Moreover, even assuming, arguendo, that Travelers has standing to seek a determination of another insurer's obligation to Honeywell, Travelers is not entitled to declaratory relief regarding the "the [Settled] Insurer Defendants' indemnity obligations to Honeywell," since the settlement forecloses the possibility of any dispute regarding such obligations. First, Travelers has not even alleged that there is a specific dispute between it and the Settled Insurers for which declaratory relief is necessary. Indeed, Travelers cannot even show that there is any dispute between Honeywell and the Settled Insurers, as the settlements resolved any such coverage disputes.
Second, the Settled Insurers have all paid or agreed to pay the full limits of coverage available for the NARCO Claims under their settled policies (see Fuchs Aff., ¶ 6). Thus, because the Settled Insurers cannot be obligated to pay more than their policies require, Travelers cannot obtain any relief, declaratory or otherwise, from them (see e.g. Liberty Mut. Ins. Co. v Aetna Cas. & Sur.
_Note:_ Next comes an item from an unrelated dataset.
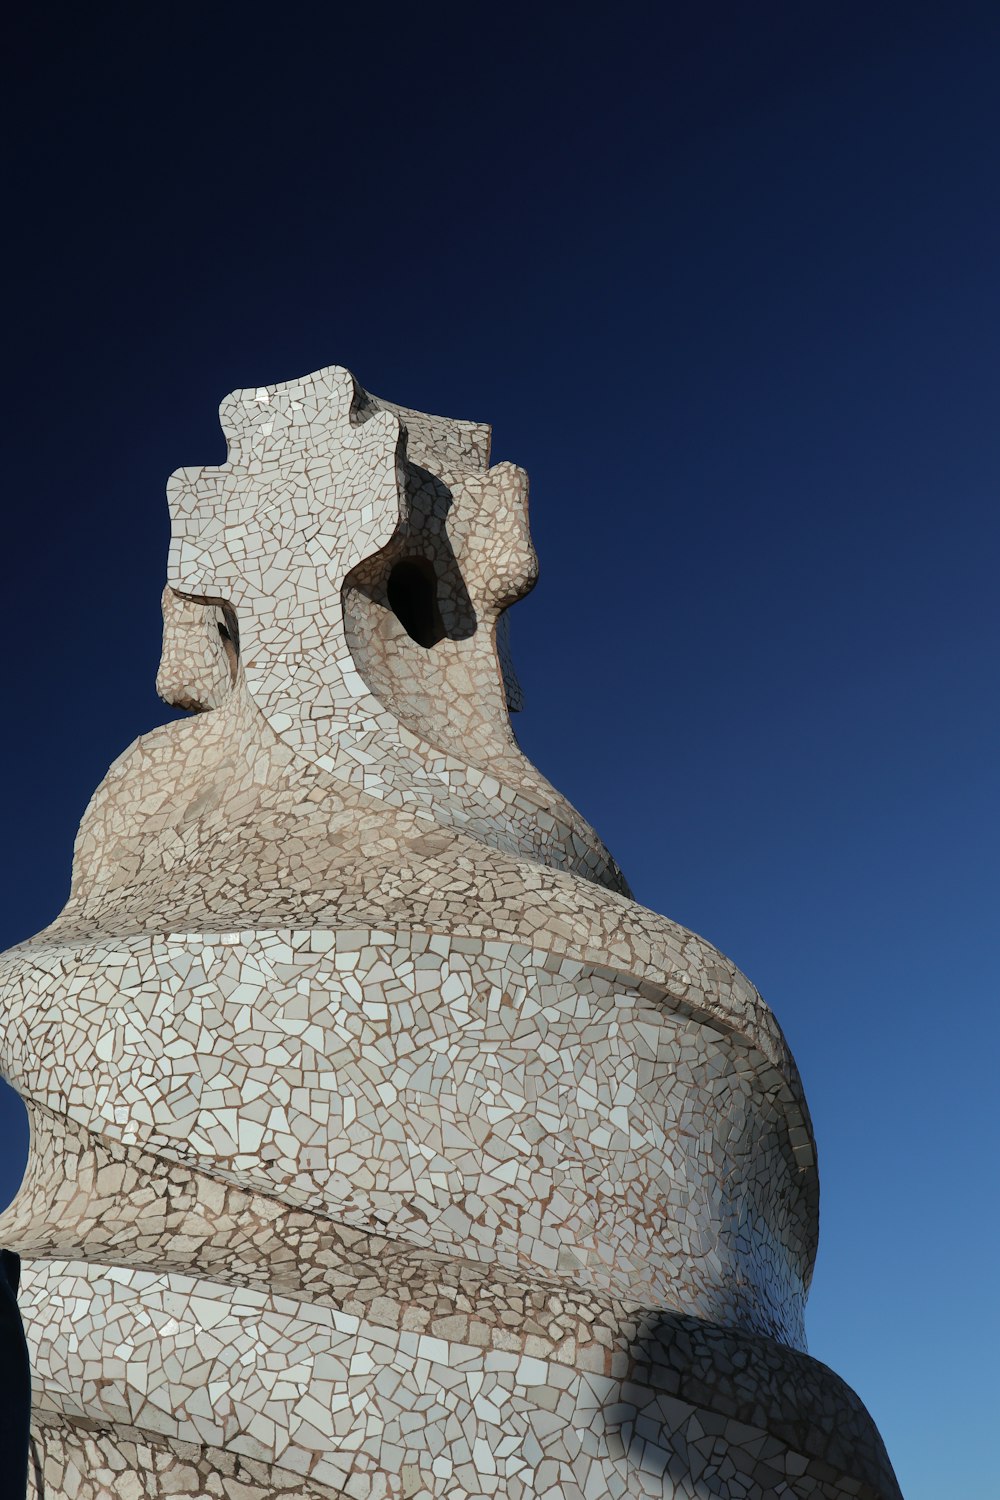 a stone sculpture of a head
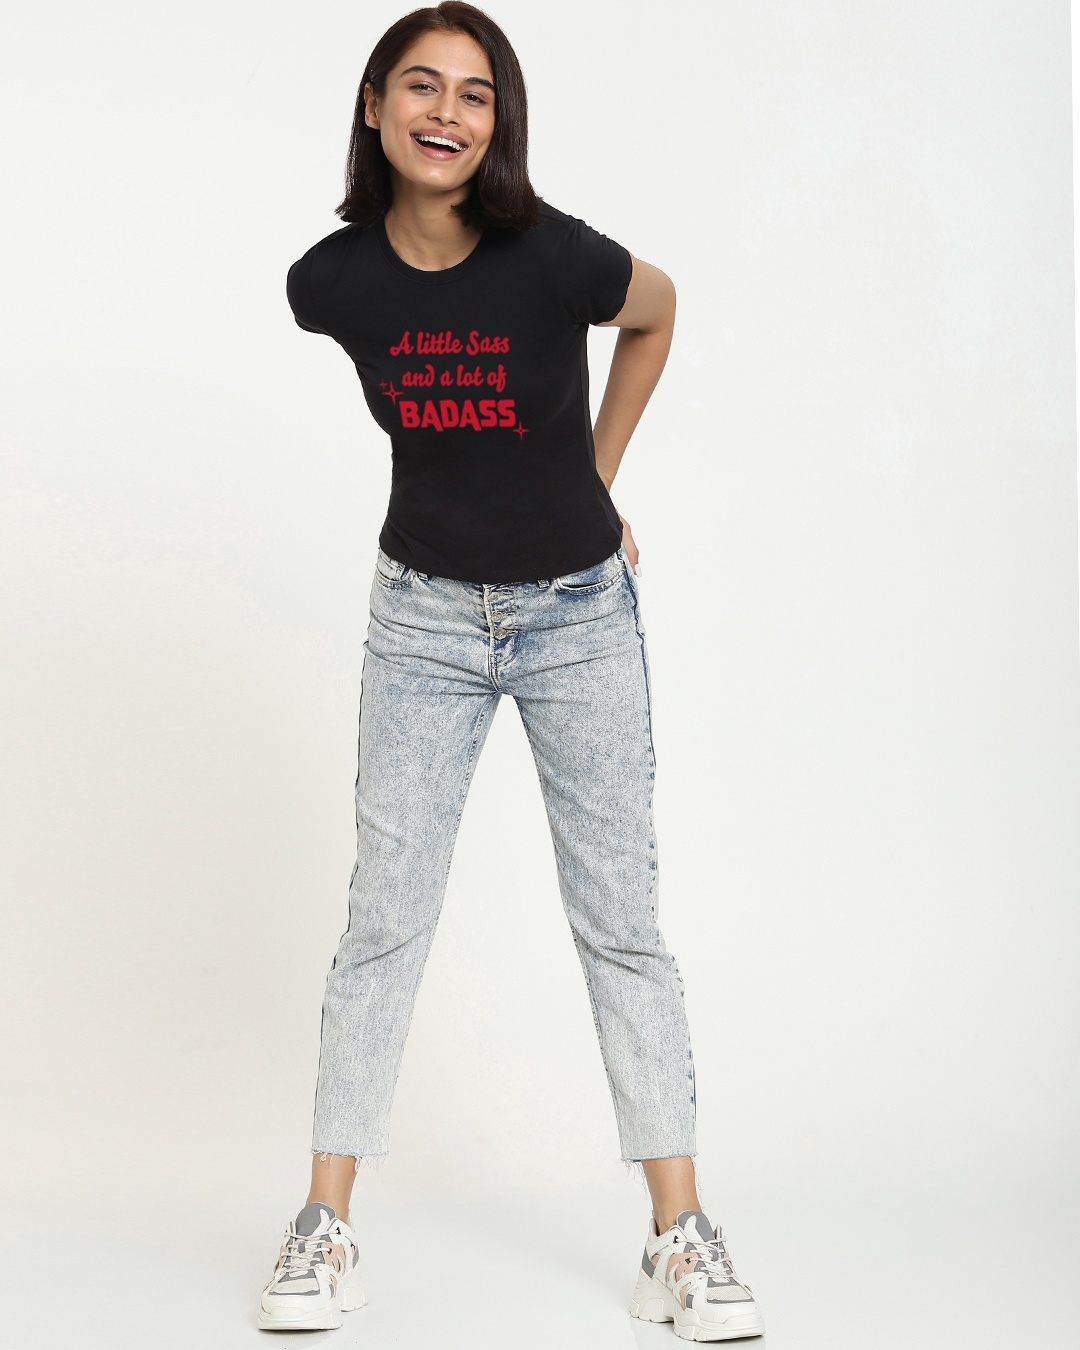 Shop Women's Black Saas and Badass T-shirt-Design

Co., 168 AD2d 121, 130 [2d Dept 1991] ["since the only policy issued by Liberty which has any relevance to this case contained an over-all limit of liability in the sum of $1,000,000, it was clearly erroneous to order Liberty to pay $100,000 over and above that amount"]). Accordingly, no dispute exists between Honeywell and the Settled Insurers with respect to the settled policies.
Third, Travelers alleges that New York law applies to the policies and that, under New York law, the relevant policies are only liable for a "pro rata" portion of the NARCO Claims (see Complaint, ¶¶ 12, 60-63; see generally Stonewall Ins. Co. v Asbestos Claims Mgt. Corp., 73 F3d 1178 [2d Cir 1995] [applying pro rata allocation under New York law]). However, even taking the allegations of Travelers' complaint as true, Travelers would only be liable for whatever pro rata share of the NARCO Claims is determined by the court, and thus would not be entitled to any relief from the Settled Insurers.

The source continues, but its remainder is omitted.